Andererseits verschärft Peking Auflagen und Wettbewerb mit ausländischen Firmen über eine einseitige Förderung eigener Unternehmen. Der Frust in der deutschen Industrie ist inzwischen so groß, dass die Unternehmen sich zusammentun und ihre Kritik deutlich aussprechen.

Noch vor Beginn der gestern eröffneten Hannover Messe und dem dortigen Treffen von Bundeskanzlerin Angela Merkel mit dem chinesischen Premier Wen Jiabao haben die großen deutschen China-Investoren der Bundesregierung ihre wachsenden Sorgen über die Wettbewerbsbenachteiligungen in China geklagt. Bundeswirtschaftsminister Philipp Rösler (FDP) verschärft entsprechend den Ton gegenüber Peking und warnt: "Trotz der guten wirtschaftlichen Beziehungen sehe ich noch Verbesserungsbedarf", sagte er dem Handelsblatt.

Es sei wichtig, dass die chinesische Regierung ihren WTO-Verpflichtungen vollumfänglich nachkomme und die bestehenden Handelsbeschränkungen bei Rohstoffen zügig abbaue. Rösler begrüßte zwar die guten Wirtschaftsbeziehungen, die sich auch im Besuch des chinesischen Premiers Wen und Chinas Auftritt als Partnerland der Hannover Messe zeigten.
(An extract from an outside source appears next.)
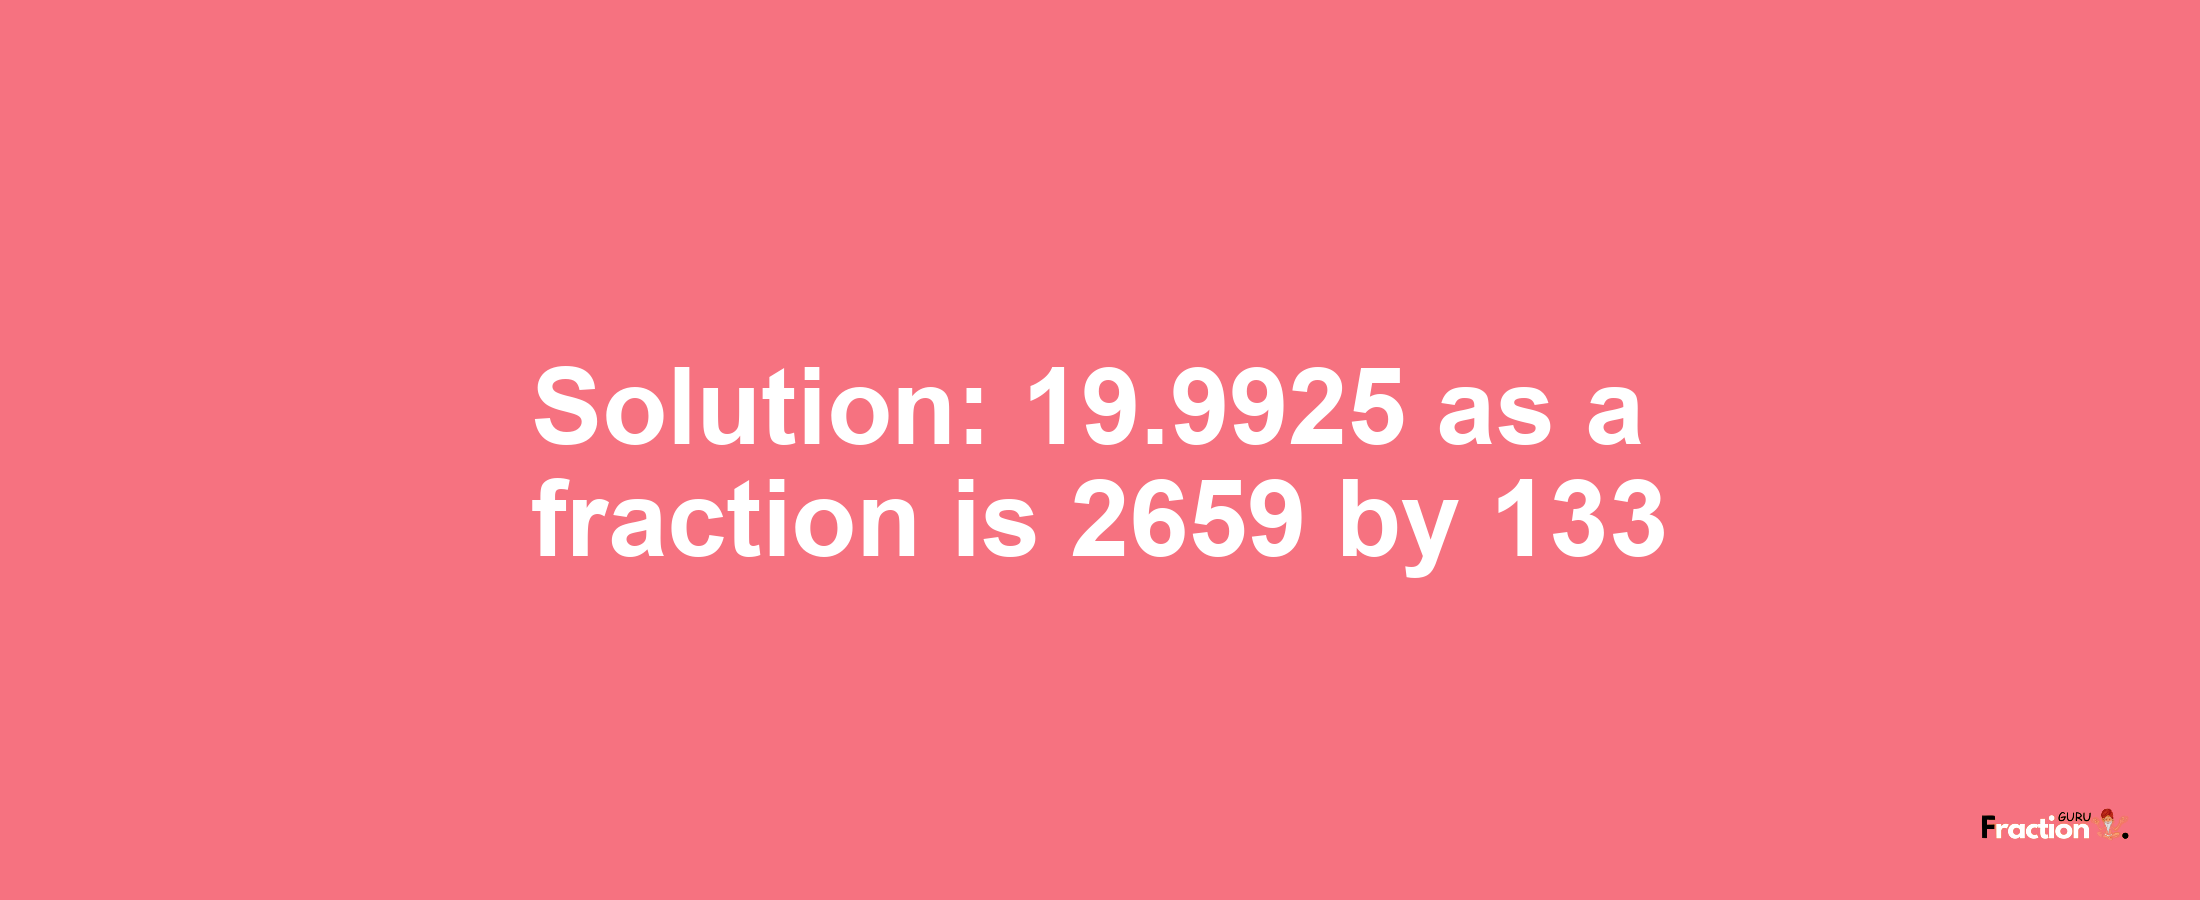 Solution:19.9925 as a fraction is 2659/133

Doch beim Zugang zum chinesischen Markt, insbesondere im Dienstleistungsbereich sollten den Ankündigungen auf chinesischer Seite nun Taten folgen, forderte der Bundeswirtschaftsminister. "Ein weiterer bedeutender Punkt ist aus meiner Sicht auch der schwierige Zugang ausländischer Anbieter zum chinesischen Beschaffungsmarkt", sagte Rösler.